In a previous newspaper, nosotros discussed the necessary parameters on which to estimate the sample size.¹ We define sample equally a finite role or subset of participants drawn from the target population. In turn, the target population corresponds to the unabridged set of subjects whose characteristics are of interest to the research team. Based on results obtained from a sample, researchers may draw their conclusions almost the target population with a certain level of confidence, post-obit a process called statistical inference. When the sample contains fewer individuals than the minimum necessary, but the representativeness is preserved, statistical inference may be compromised in terms of precision (prevalence studies) and/or statistical power to detect the associations of interest.^one On the other hand, samples without representativeness may not be a reliable source to describe conclusions near the reference population (i.eastward., statistical inference is non deemed possible), even if the sample size reaches the required number of participants. Lack of representativeness can occur as a result of flawed pick procedures (sampling bias) or when the probability of refusal/not-participation in the study is related to the object of research (nonresponse bias).^i,2

Although well-nigh studies are performed using samples, whether or not they represent whatsoever target population, census-based estimates should be preferred whenever possible.^iii,4 For case, if all cases of melanoma are bachelor on a national or regional database, and data on the potential risk factors are also available, it would be preferable to carry a demography instead of investigating a sample.

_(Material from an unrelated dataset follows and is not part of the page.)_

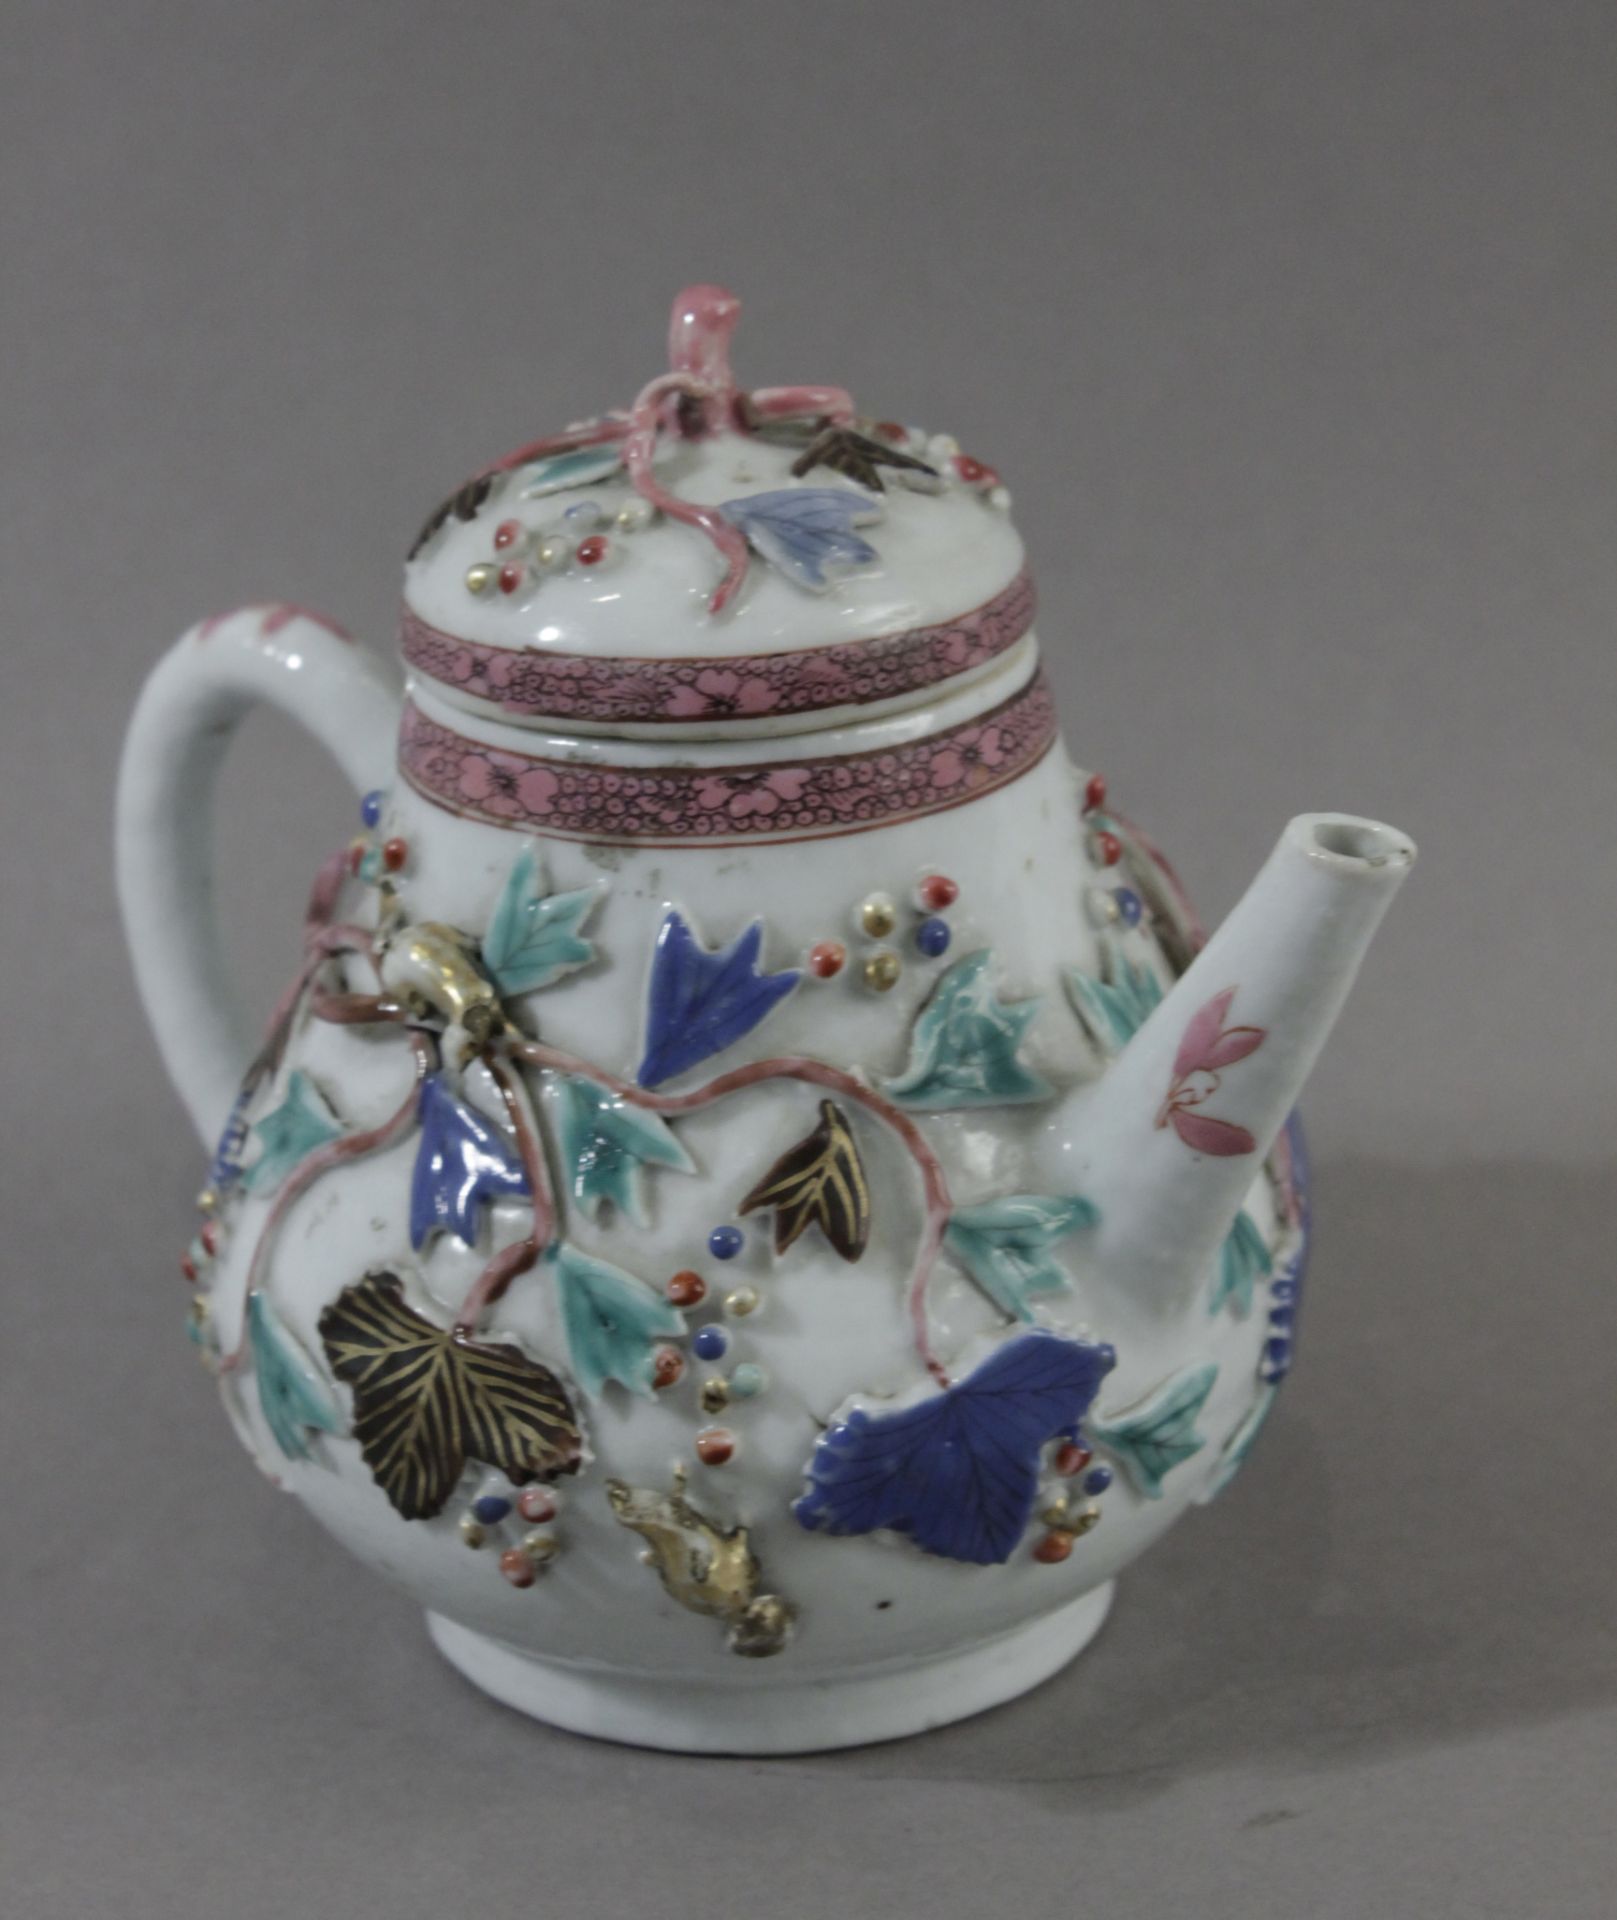 An 18th century Chiense porcelain teapot from Yongzheng period - Image 2 of 5
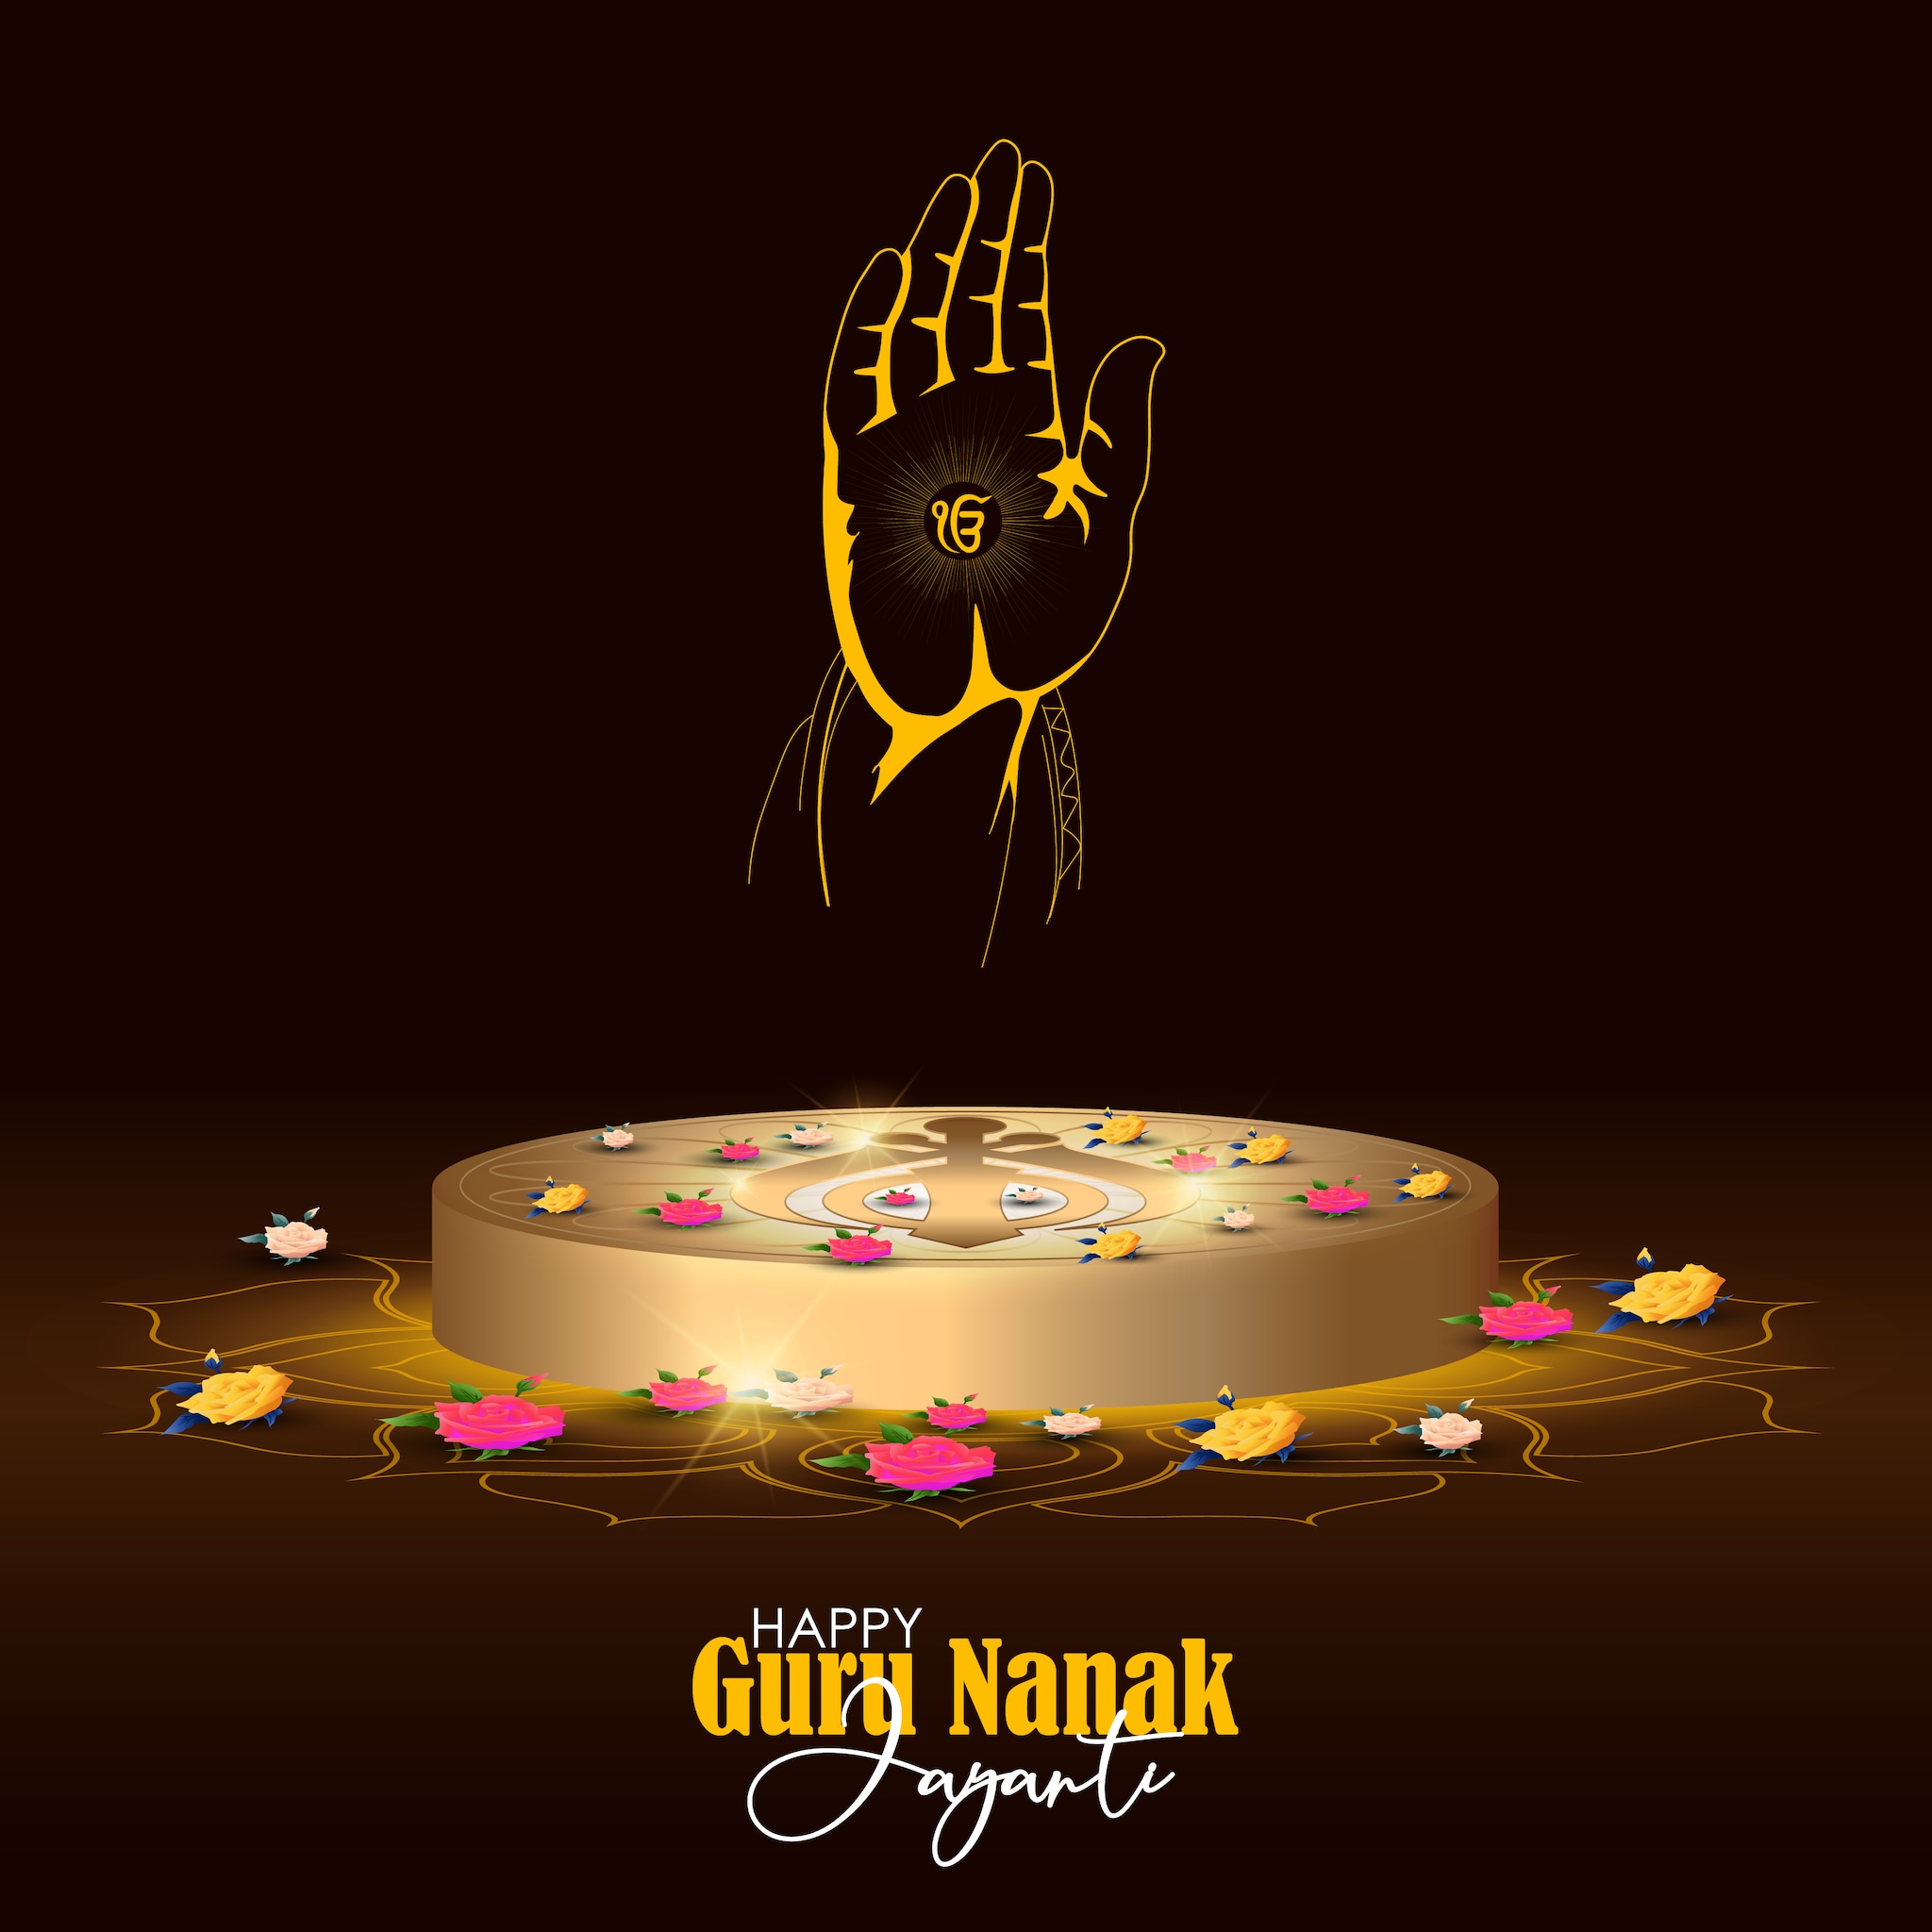 Guru Nanak Jayanti 2021 2021 Wallpaper, Wishes Images, Quotes, Status, Photos, Pics, SMS, Messages. (Image: Shutterstock)

However, in that location are several theoretical and practical reasons that prevent us from carrying out census-based surveys, including:

Ethical issues: information technology is unethical to include a greater number of individuals than that effectively required;
Budgetary limitations: the high costs of a census survey oft limits its use equally a strategy to select participants for a study;
Logistics: censuses often impose great challenges in terms of required staff, equipment, etc. to deport the study;
Fourth dimension restrictions: the corporeality of fourth dimension needed to programme and conduct a census-based survey may be excessive; and,
Unknown target population size: if the study objective is to investigate the presence of premalignant skin lesions in illicit drugs users, lack of information on all existing users makes it impossible to conduct a census-based study.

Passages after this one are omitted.